THE TASK — Would you transcribe the whole listing exactly, minus its pictures?

SOURCE MATERIAL —
[Start of section]
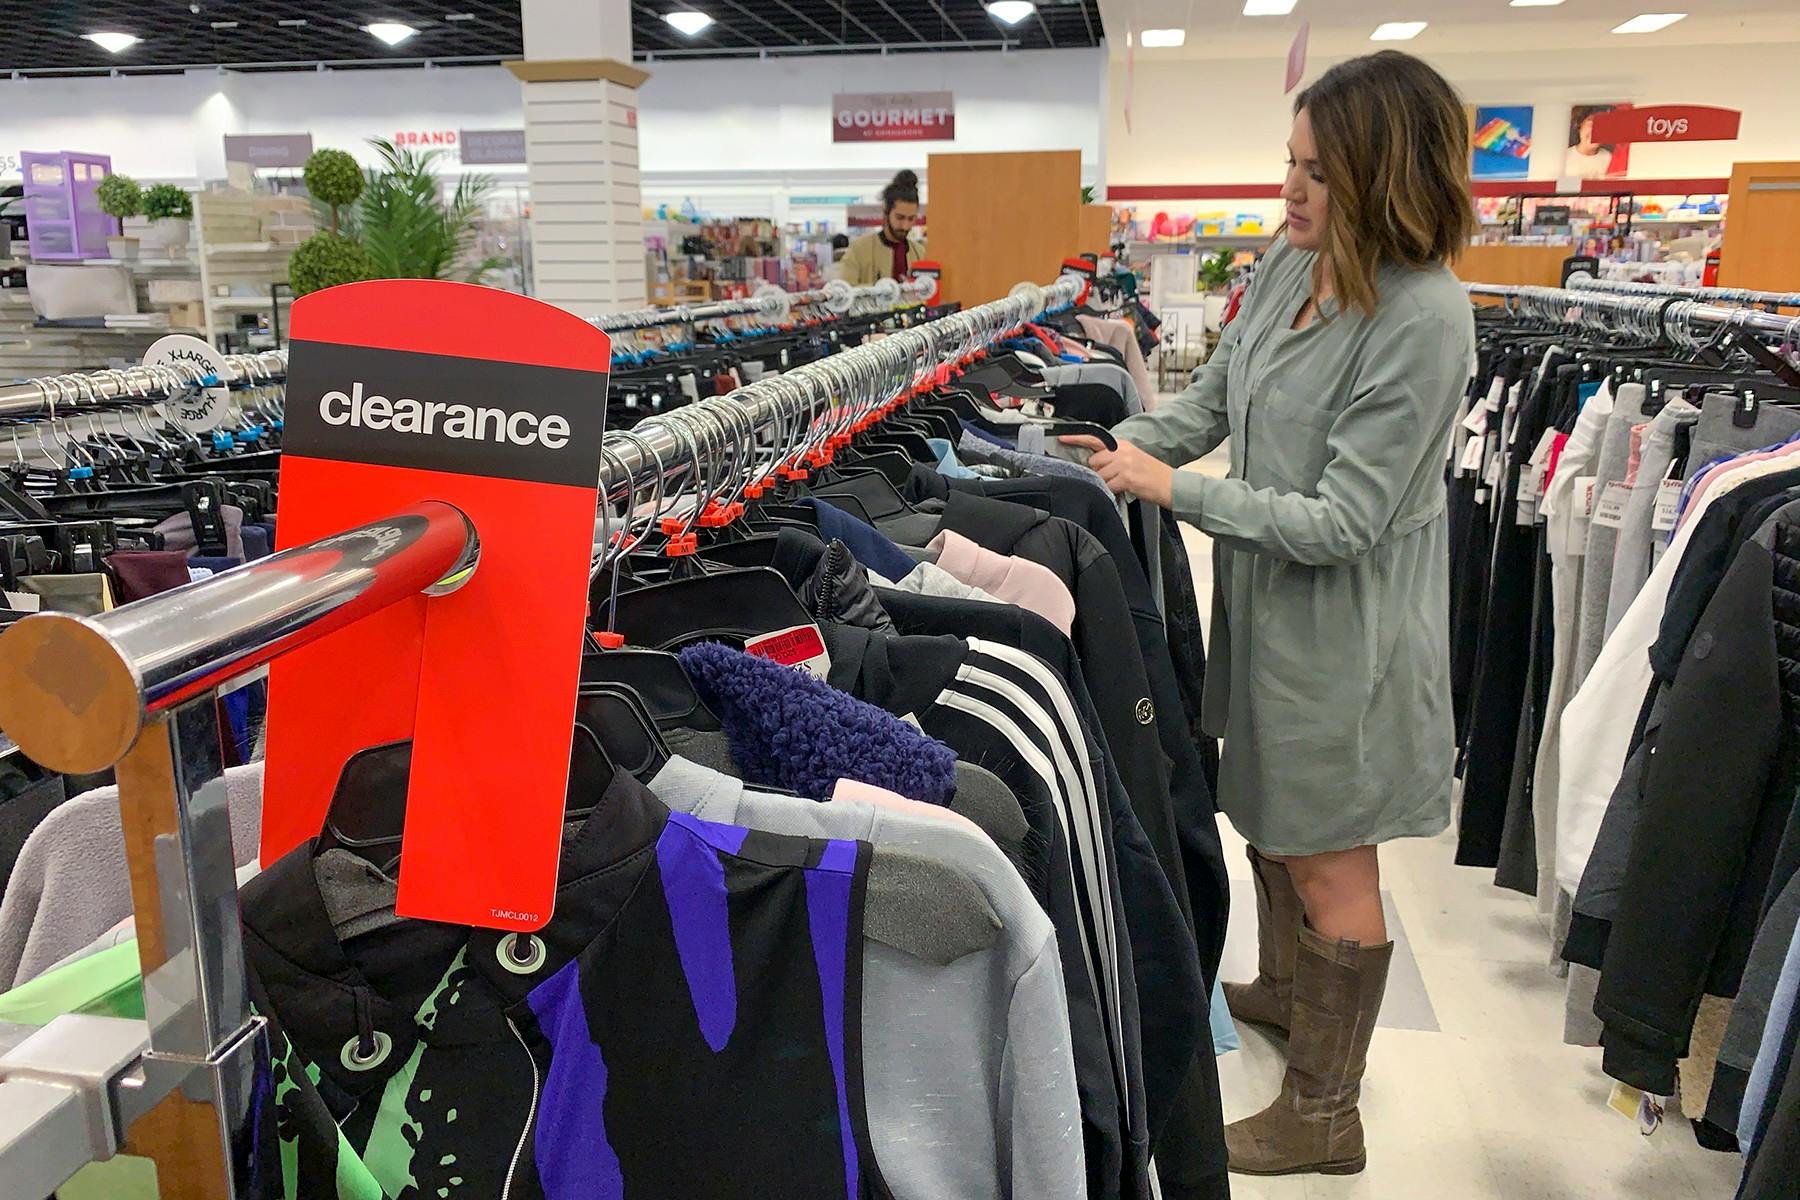 25 Secrets Every Nordstrom Rack Lover Should Know - The Krazy Coupon Lady
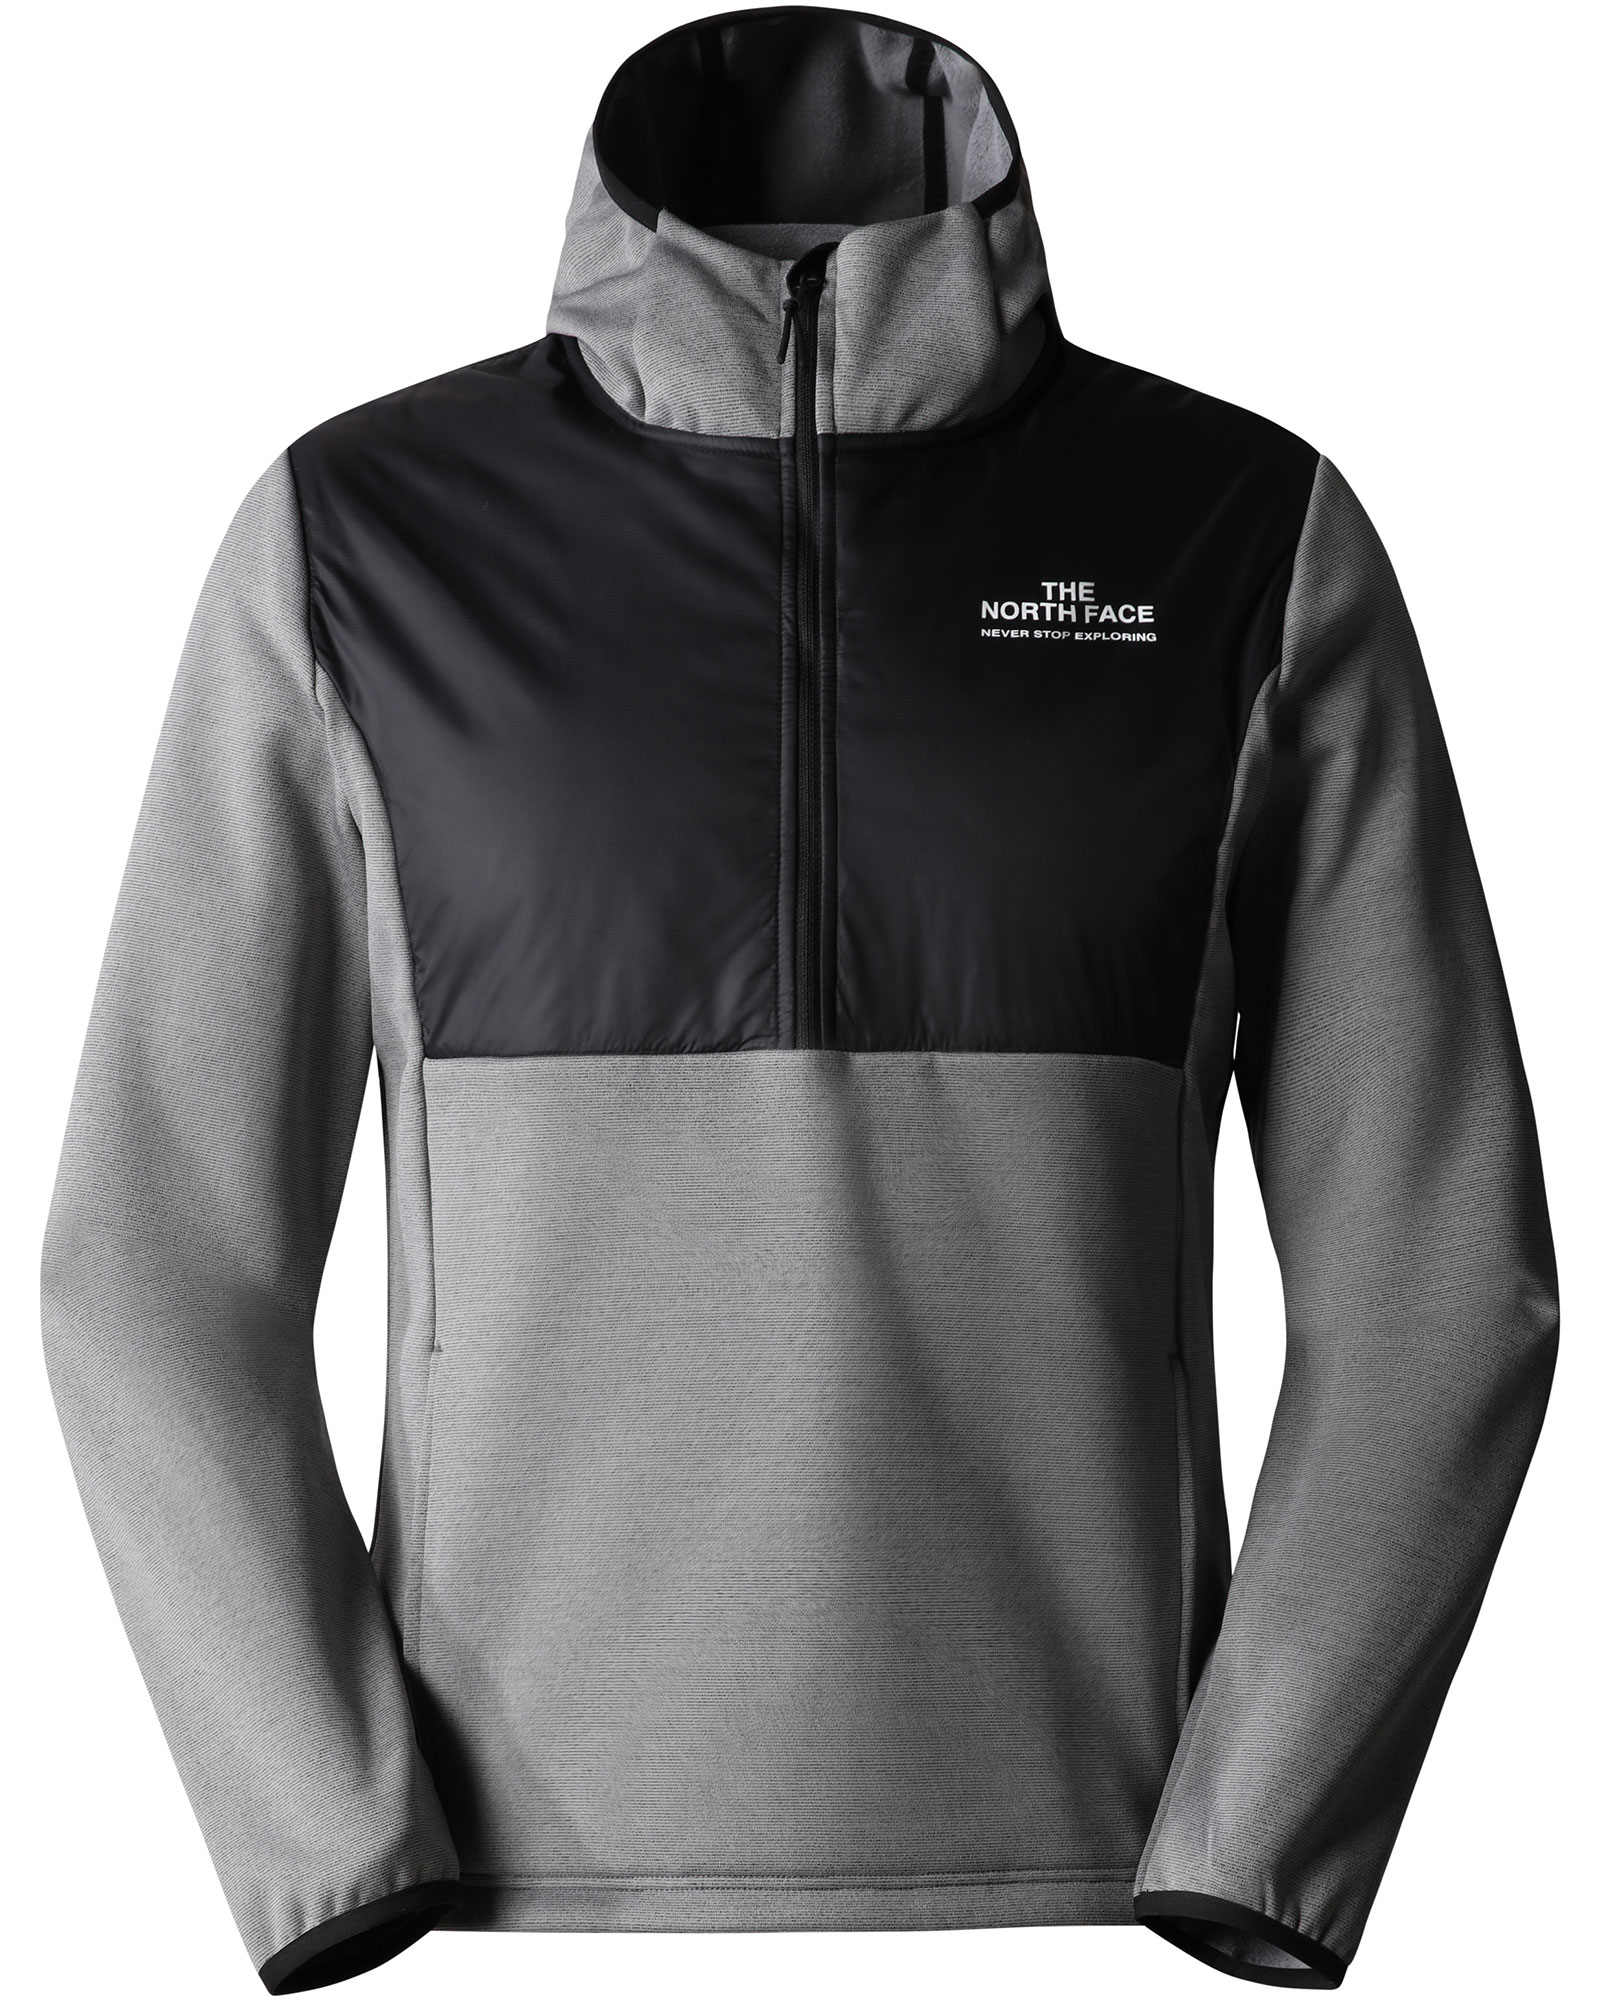 Product image of The North Face MA Insulated Men's 1/4 Zip Fleece Hoody
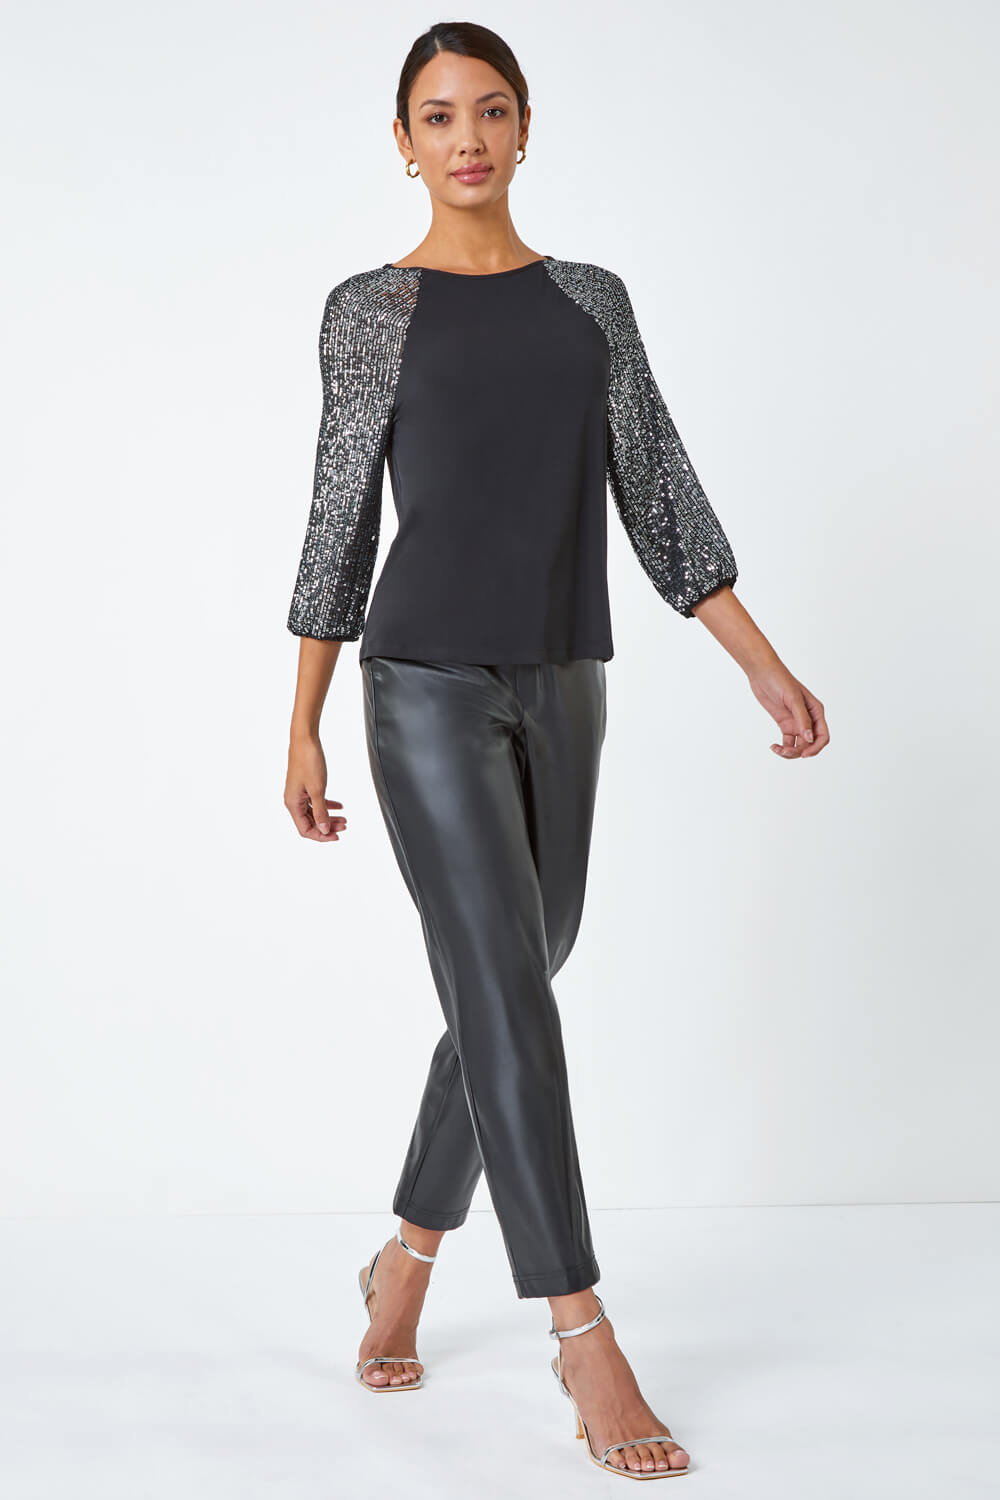 Silver Sequin Sleeve Stretch Jersey Top, Image 2 of 5
[End of section]
ANSWER FOR THIS EXERCISE —
 25 Secrets Every Nordstrom Rack Lover Should Know - The Krazy Coupon Lady
 Product image of The North Face MA Insulated Men's 1/4 Zip Fleece Hoody
 Silver Sequin Sleeve Stretch Jersey Top, Image 2 of 5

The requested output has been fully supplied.